EDL I'm not quite sure how you're fitting the pixels into this matter.

The 100mm lens is still and always is 100mm in focal length. The "its like a 160mm" is only of any use IF you're comparing the crop sensor to the 35mm film/sensor size. If you've never shot with 35mm before or you used a different format of film size then the comparison has no meaning what so ever. 

It's a commonly used argument because at the time digital took over from film many making the change were film users so the conversion become commonly passed on info; today we still see many changing over; but more and more its people getting into digital for the very first time.
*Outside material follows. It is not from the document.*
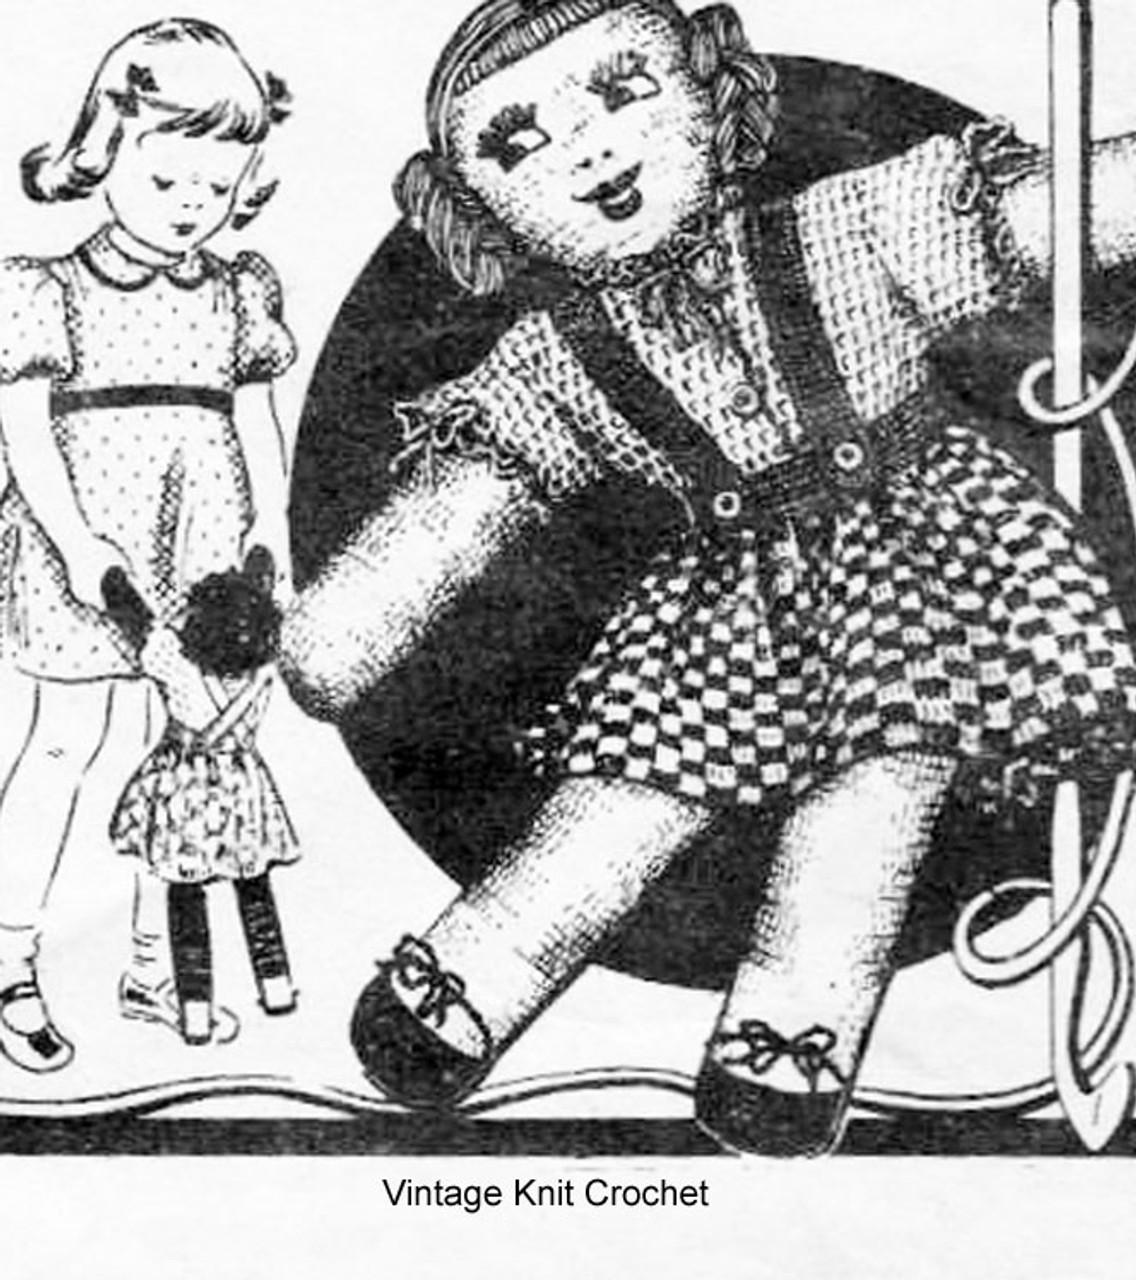 Vintage 1930s Crochet Doll Pattern, Laura Wheeler 1873

IF anything they have to get used to the focal lengths now meaning Less range in comparison to their experiences on piont and shoots (which have smaller sensors). We don't get to get this though as the point and shoot market sticks with "10* magnification" descriptions instead of focal lengths


----------



## EDL (May 21, 2013)

I understand what you are saying from the point of view that anyone without prior 35mm or "full frame" sensor experience might not get it (or even need to).  The 35mm size, as you said comes from the film era, but it is a reference point and relevant since DLSR's are loosely positioned at or near that 35mm size.

Yes, understood and agree that 100mm lens is always a 100mm lens, and yes, the point is the comparison of a full frame sensor to a crop sensor since we have those choices now.  Going APS-C vs FX is not the same as going 35mm to medium format.  The point is to maintain a reference point for anyone looking at different DSLR's and what it all means about the different sensor sizes and crop factors.

The pixels fit in because a shot from an APS-C sensor is not the same as cropping an FX shot down to the field of view of the APS-C shot.  You are throwing out pixels when you do that.  If both sensors have the same number of pixels, the cropped FX shot will be less pixels of data.  Certainly arguments can be made about the quality of the data from the FX sensor and all that (pixel size and pitch and signal to noise ratios, etc), but for purposes of "equivalency", in order to get full pixel count shots with same field of view, the FX camera will need a longer focal length than the crop sensor.


----------